Tax File Numbers, dates of birth and MFA secrets are additionally encrypted at the application layer using AES-256-GCM with a 96-bit nonce per write (NIST SP 800-38D). Legacy Fernet ciphertexts (AES-128-CBC + HMAC-SHA256) continue to decrypt for backwards compatibility and are migrated to AES-256-GCM on next write.

Key management

Encryption keys are environment-scoped secrets in the production hosting environment, not in code or version control. Cipher upgrades happen without notice; cipher downgrades require prior notice — see the DPA.

Authentication

Auth, MFA and access control.

  • Password hashingbcrypt via Supabase Auth. We never see, log, or store plaintext passwords.
  • JWT sessionsShort-lived access tokens with automatic refresh; per-request verification at the API edge.
  • Two-factor authentication (TOTP)TOTP MFA via any standard authenticator app (Google Authenticator, 1Password, Authy, Microsoft Authenticator). Secrets stored encrypted in the same AES-256-GCM scheme as TFNs.
  • Passkeys (WebAuthn)Sign in with Touch ID, Face ID, Windows Hello, or a hardware security key. Passkeys are phishing-resistant — they only work on Finance Frank, even if a lookalike site asks for one. Multiple passkeys per account, manage in Settings → Preferences.
  • Mandatory MFA for practice tierPractice-tier accounts (accountant / planner / broker firms) cannot sign in until MFA is enrolled — there is no opt-out for accounts holding client KYC and TFN data. Either TOTP or passkey satisfies the requirement. Consumer-tier MFA remains optional but encouraged.
  • Account lockoutFive failed sign-in attempts trigger a 15-minute lockout to defeat credential stuffing.
  • Row-level securityPostgreSQL RLS policies enforce per-user isolation at the database layer. Even if the application were bypassed, the database refuses cross-user reads.
  • Admin endpointsRestricted to a single configured admin user ID. Service-role keys are never exposed to the client.

AI privacy

How Frank handles your data — including a redaction layer at the AI boundary.

AI provider

Frank chat is powered by Anthropic Claude.
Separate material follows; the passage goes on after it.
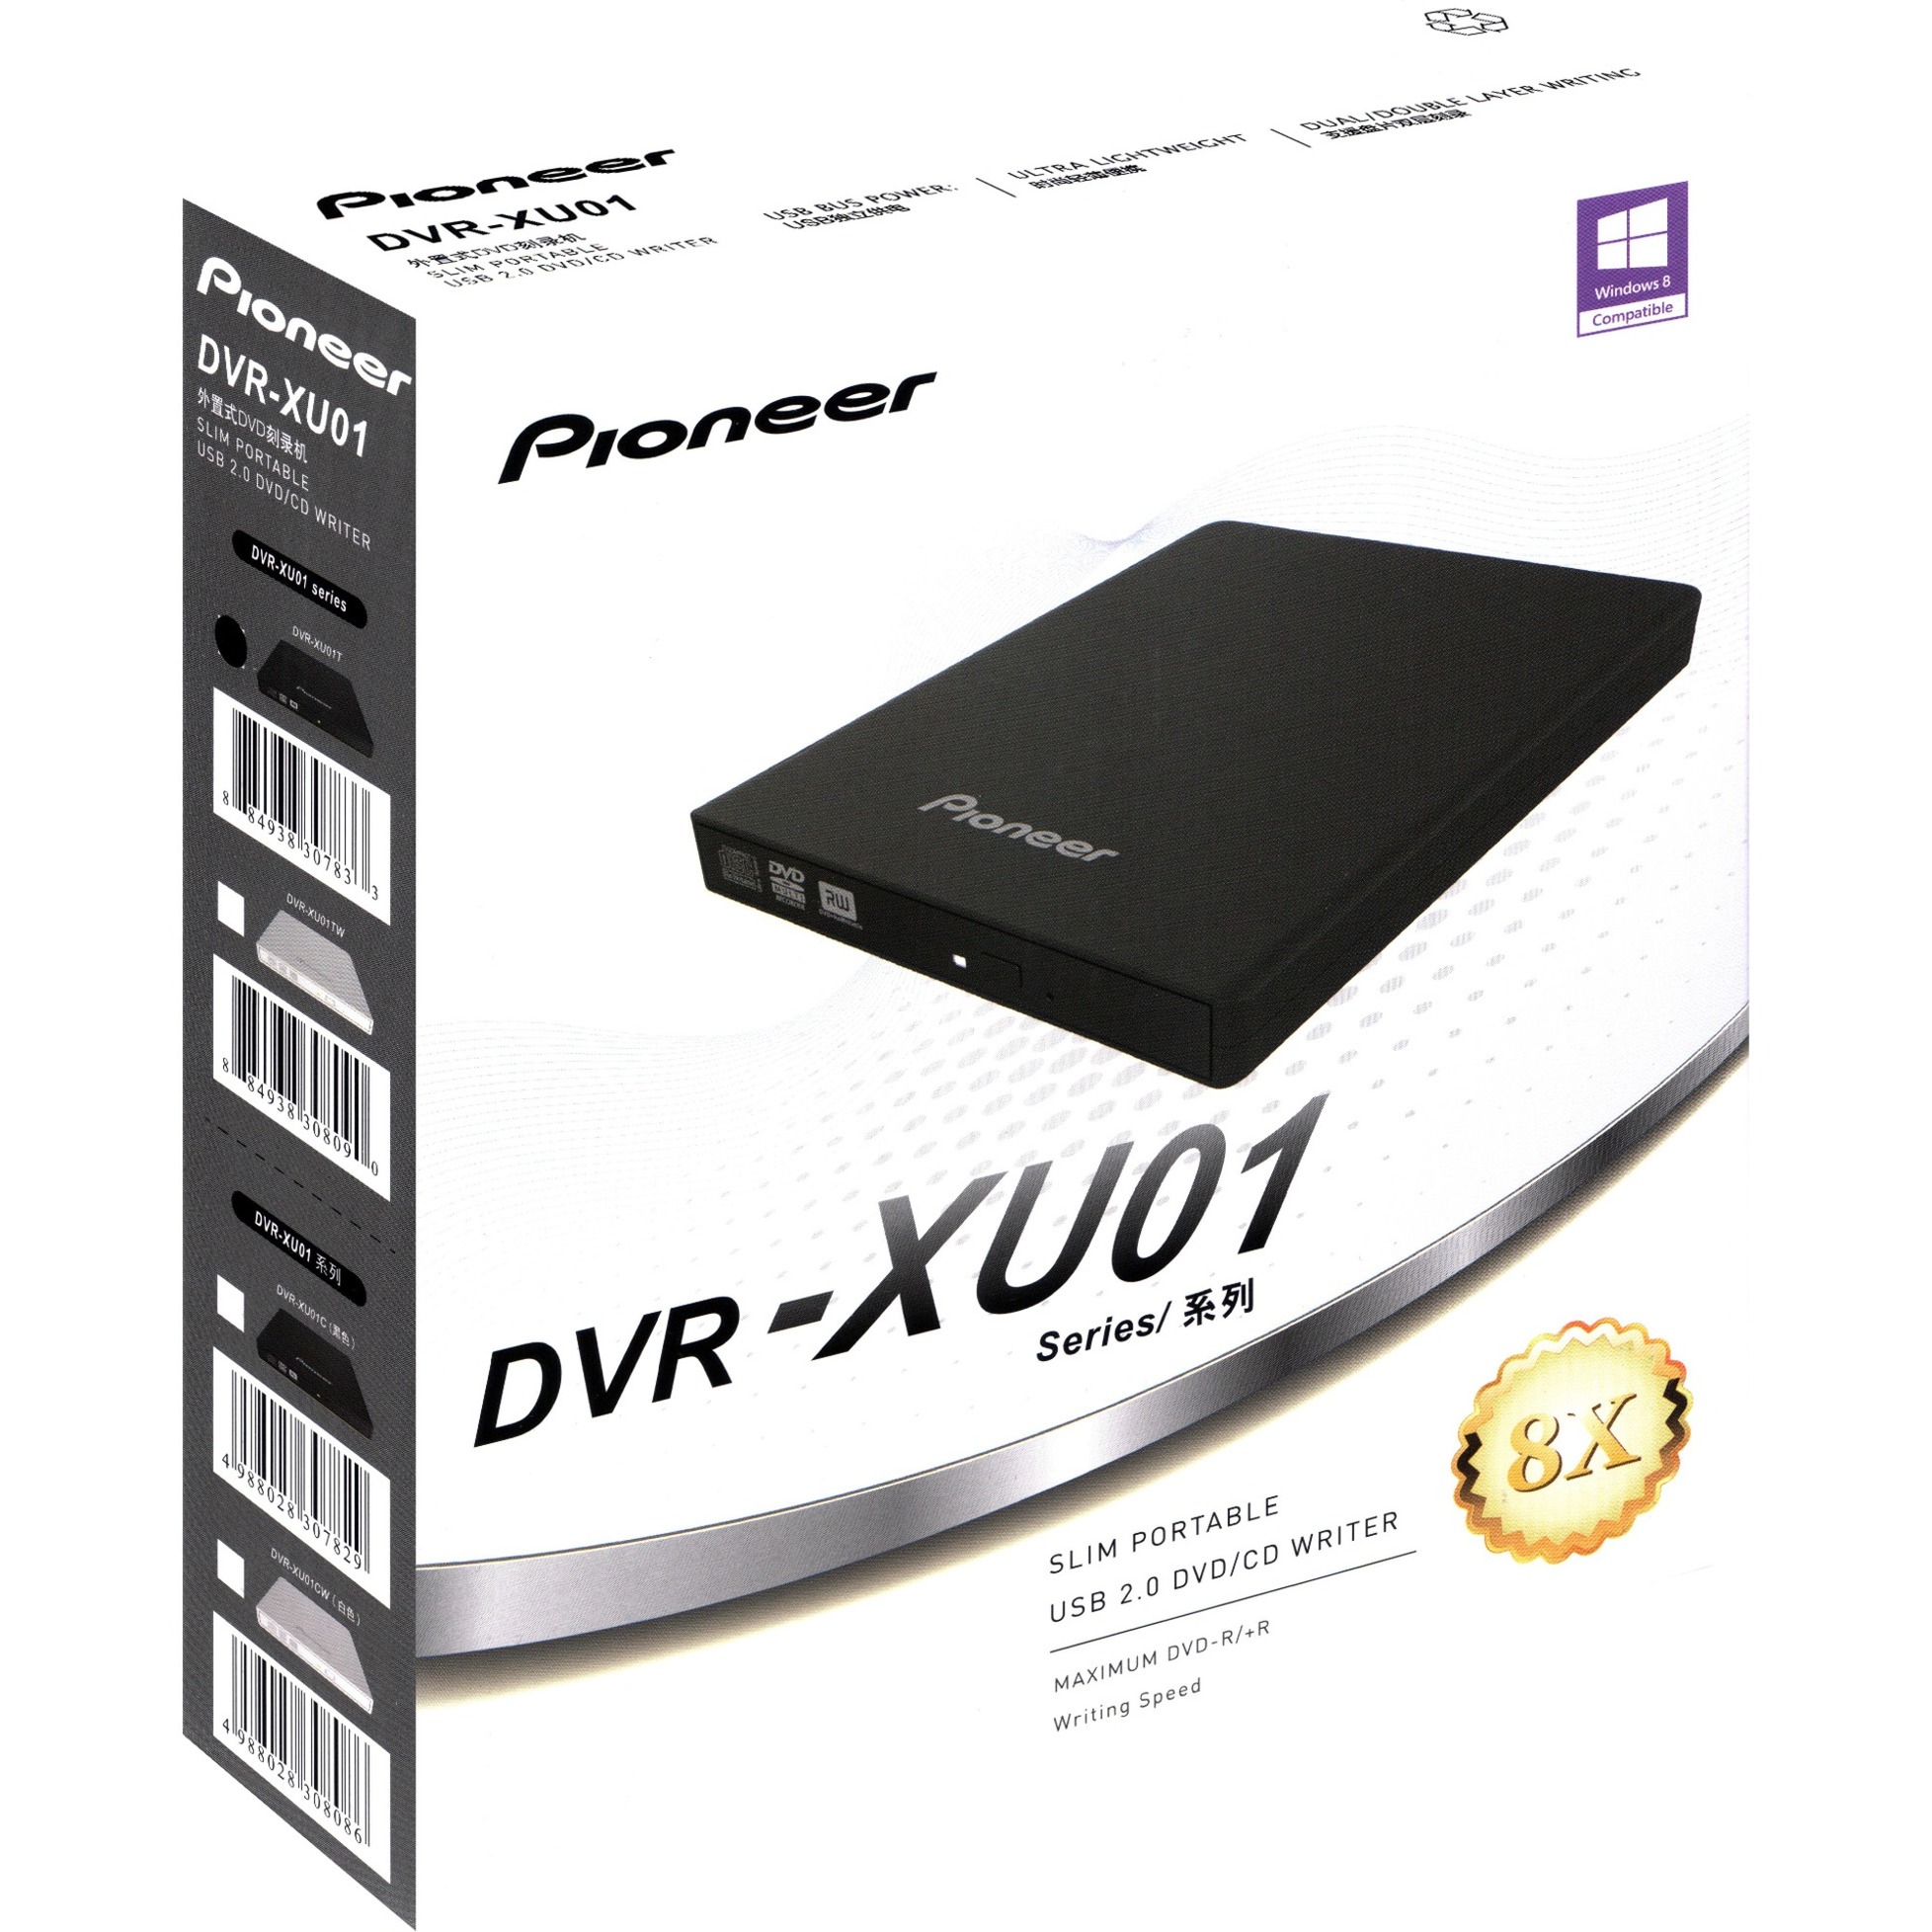 Image of Alternate - DVR-XU01T, externer DVD-Brenner online einkaufen bei Alternate

Document semantic search uses OpenAI embeddings (canonical document types only — receipts and ad-hoc statements are not embedded).

No model training

Anthropic and OpenAI are subject to commercial terms that prohibit them from training their base models on your data. We do not fine-tune any model on customer data.

Redaction at the boundary

A redaction layer sits between our backend and every AI API call. Tax File Numbers, bank account numbers, BSB numbers and Luhn-validated payment-card numbers are substituted with neutral placeholders (e.g. [REDACTED:TFN]) before any inference call — including background calls like conversation title generation and summarisation.

Minimal context

Each AI call gets only the slice of your data the request needs — never your full dataset.

Application

Hardening at the API edge.

  • Input sanitisationPydantic schema validation at the API boundary; parameterised queries throughout (no string-concatenated SQL).
  • Rate limitingPer-endpoint limits — auth: 5/min, AI chat: 10/min, write endpoints: 60/min — to prevent abuse and brute force.
  • Security headersHSTS (1 year, includeSubDomains), X-Frame-Options: DENY, X-Content-Type-Options: nosniff, Referrer-Policy: strict-origin-when-cross-origin, a strict Permissions-Policy, and Cross-Origin-Opener-Policy + Cross-Origin-Resource-Policy on HTML-serving origins.
  • Content Security PolicyNonce-based CSP on the web app (per-request nonce minted by Next.js middleware) blocks injected scripts. Static CSP on the marketing site. The API serves a maximally restrictive policy (default-src none) for the rare HTML surface.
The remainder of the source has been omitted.